Douglas Sirk Lured

The Criterion Shelf: Early Douglas Sirk

Bil Antoniou takes a look at four films made by the celebrated auteur before his reign of fifties melodramas.

The first time I saw All That Heaven Allows in a movie theatre, it was just on the cusp of arthouse audiences being reintroduced to the films of Douglas Sirk. The director had been written off for decades by all but a few smart critics as a purveyor of silly housewife melodramas. The night I attended his masterpiece starring Jane Wyman as a widow who risks her community’s scorn with her affair with handsome young Rock Hudson, the audience laughed throughout the entire screening. (There’s nothing more annoying than people who feel compelled to tell us how sophisticated they are.) Almost a year later, following the release of Todd HaynesFar From Heaven and a number of articles and retrospectives of Sirk’s career that turned him into an underappreciated master of the craft, I attended another screening of ATHA and enjoyed the reverent silence of an audience that now styled themselves as film scholars.

The fascination with Douglas Sirk is in how pleasing his aesthetic is. He gives us the kind of aspirational suburban living that is still what mainstream movies, particularly romantic comedies, sell themselves on, while also having plenty to say about the society that was happy to see itself reflected in such artificial terms. All That Heaven Allows tells us about a culture that confuses economic privilege with morality. Imitation of Life tells us that not confronting systemic racism eventually causes problems in your own home. Battle Hymn subtly suggests an irony in its tale of a man bringing peace to a place where he has gone to make war.

Born Hans Detlef Sierck in Hamburg in 1897, Douglas Sirk made a number of films for UFA before leaving in the early forties with his Jewish second wife after being denounced by his first. He ended up in Hollywood where he joined the group of émigrés working throughout the forties and beyond.
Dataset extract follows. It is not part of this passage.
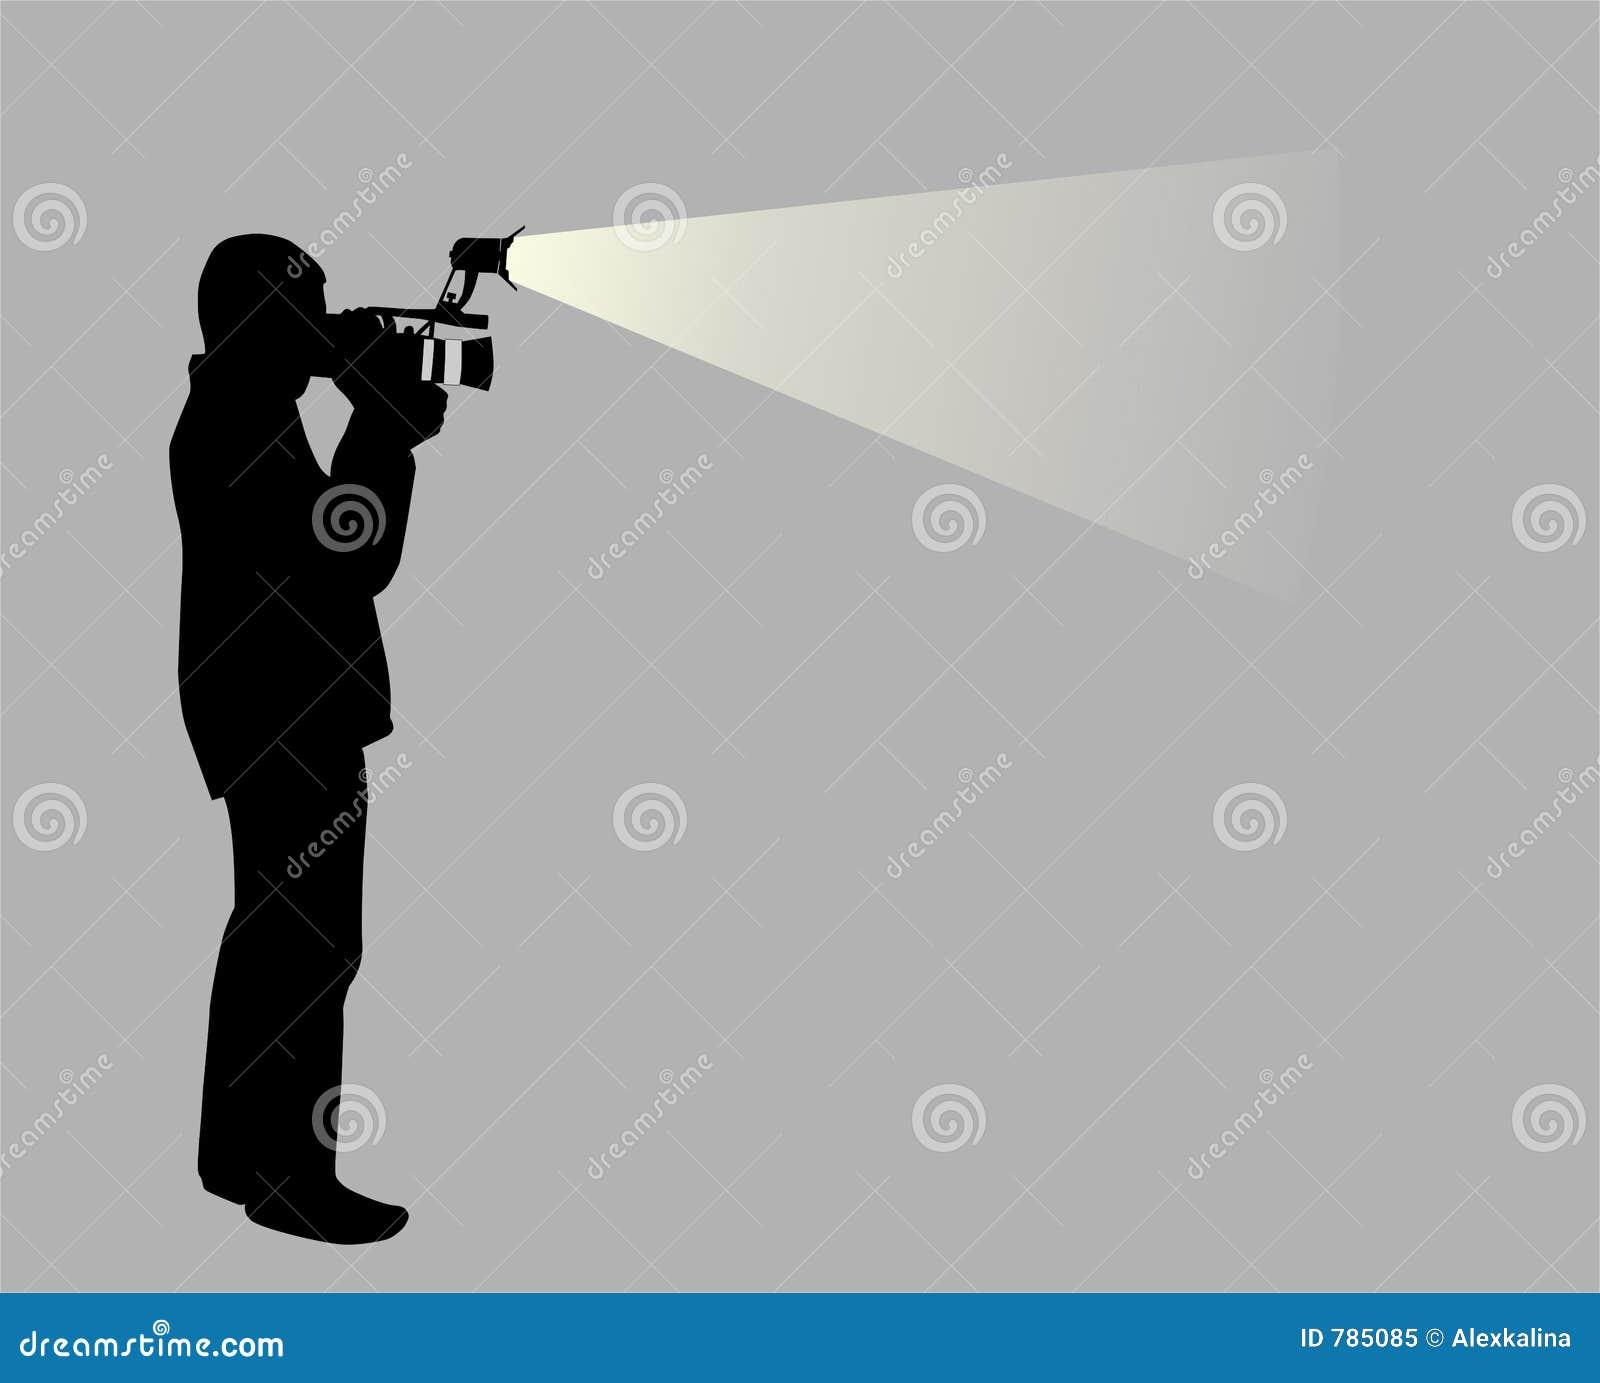 Wideo operatora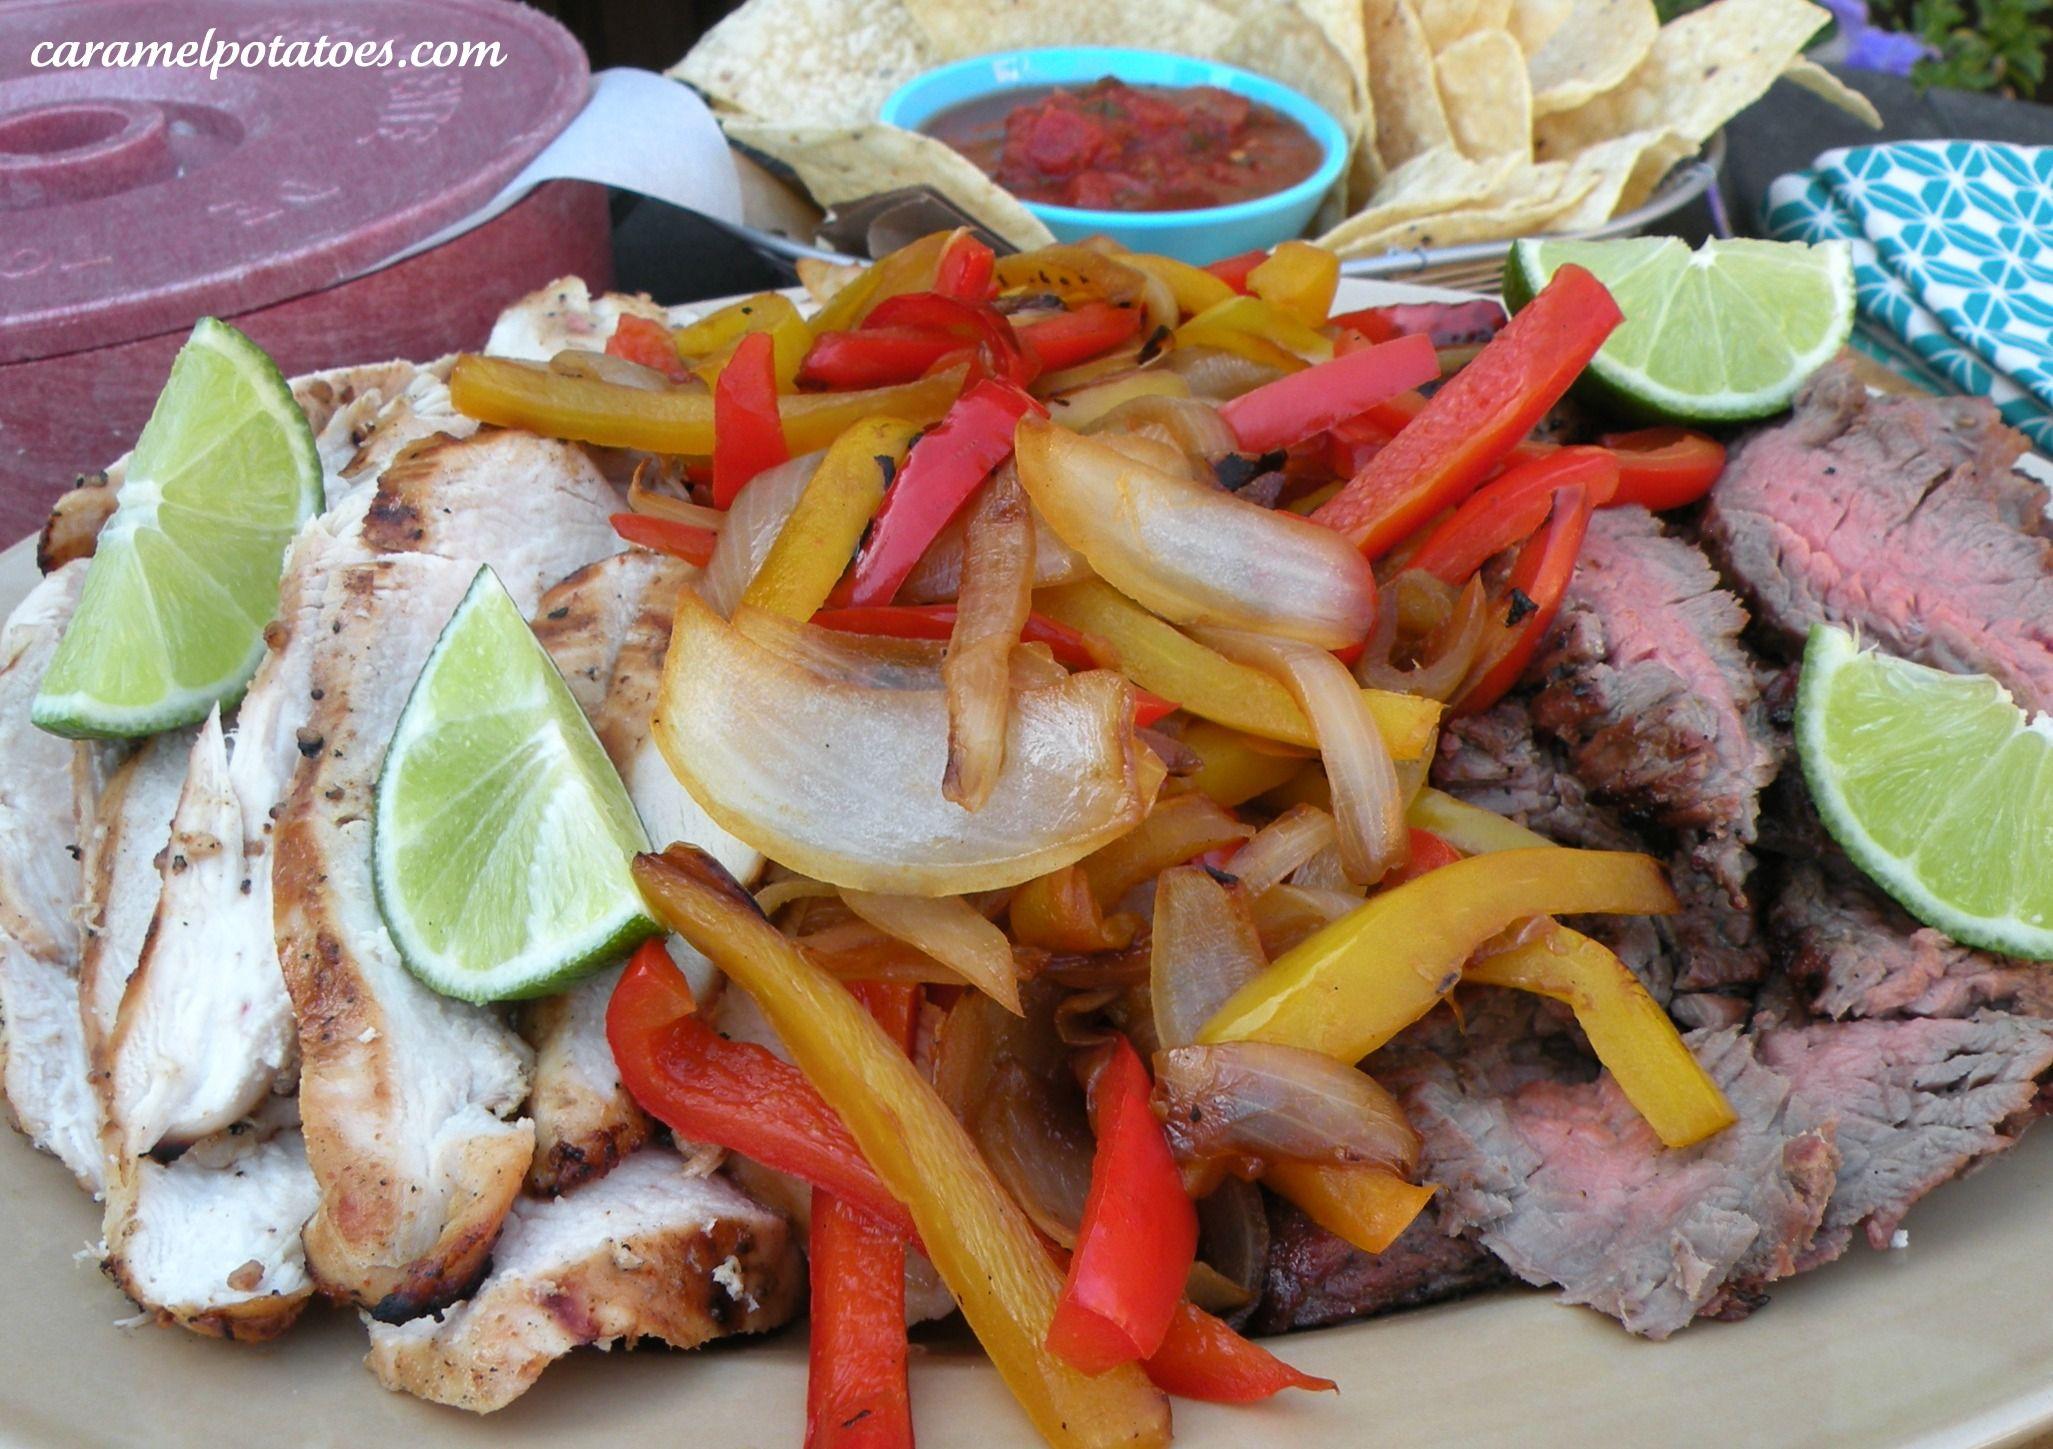 Fajita Marinade for Chicken or Steak

The Criterion Channel put together a small collection of the films he made in the run-up to his fifties masterpieces. They’re an interesting glimpse of a perspective still forming and a control for material beauty that was already there.

 

Shockproof (1949)

Cornel Wilde brings his intense, hard-edged sex appeal to the role of a Griff Marat, parole officer who is presented with Jenny a gorgeous dame (Patricia Knight) who went away for murder and is now out on good behaviour. He lays down the rules and warns her that consorting with her old friends will only get her back in the slammer. He can’t help but get involved when he notices her bad ex-boyfriend hanging around and pulling her back into her old messes. Giving her work as a helper to his blind mother, Griff gets his priorities confused when he falls in love with Jenny (the two were married in real life at the time), even endangering his job and his freedom when he runs away with her and heads for the border. You wouldn’t think Douglas Sirk’s plush aesthetics would mix well with the cold, hard Samuel Fuller, who co-wrote the screenplay, but it’s an absorbing thriller that has as much of Fuller’s convincing detail as it does Sirk’s feel for hopeless romanticism.

 

Lured (1947)

Lucille Ball is wonderful as a taxi dancer who gets embroiled in a murder investigation when her friend and co-worker goes missing after answering a personal ad. Ball is recruited by the police to answer a series of ads and help them catch the killer. After a series of false leads, including a very funny cameo by fourth-billed Boris Karloff, she walks right into a dangerous trap. The combination of humour and suspense works well, though it’s a shame that the film loses touch with the star’s charisma by the end. Lured doesn’t end up being as much of a lady-detective movie as is initially promised.

 

Slightly French (1949)

Douglas Sirk’s charming if not unforgettable comedy in which film director John Gayle (Don Ameche) loses his leading lady because of his tyrannical ways and needs to recast her in order to stay employed at the studio. He spots Dorothy Lamour at a local sideshow and teaches her to pretend to be French. She takes over the film role and falls in love with him in the process. The plot is romance-by-numbers nonsense, but Sirk’s sumptuous visual style is well on display and the musical numbers are gorgeous. Plus Lamour’s brightness and candour are always worth the time of day.

 

A Scandal In Paris (1946)

The oft-told tale of thief-turned-detective François Vidocq, played by a barely-awake George Sanders, who along with fellow thief Emile (Akim Tamiroff) escapes from prison and goes on a robbery spree, taking ladies’ jewels, a painter’s horse, and whatever else they can grab in their carefree, lawless way. When Vidocq is mistaken for a hero and made the chief of police by a marquise whose granddaughter (Signe Hasso) is in love with him, he makes plans to rob the central bank, completely unaware that Hasso’s bourgeois appeal is its working its magic on his ethics. As stunning to look at as the most beautiful Douglas Sirk films, this one’s wooden screenplay and dull performances make it a slog to sit through.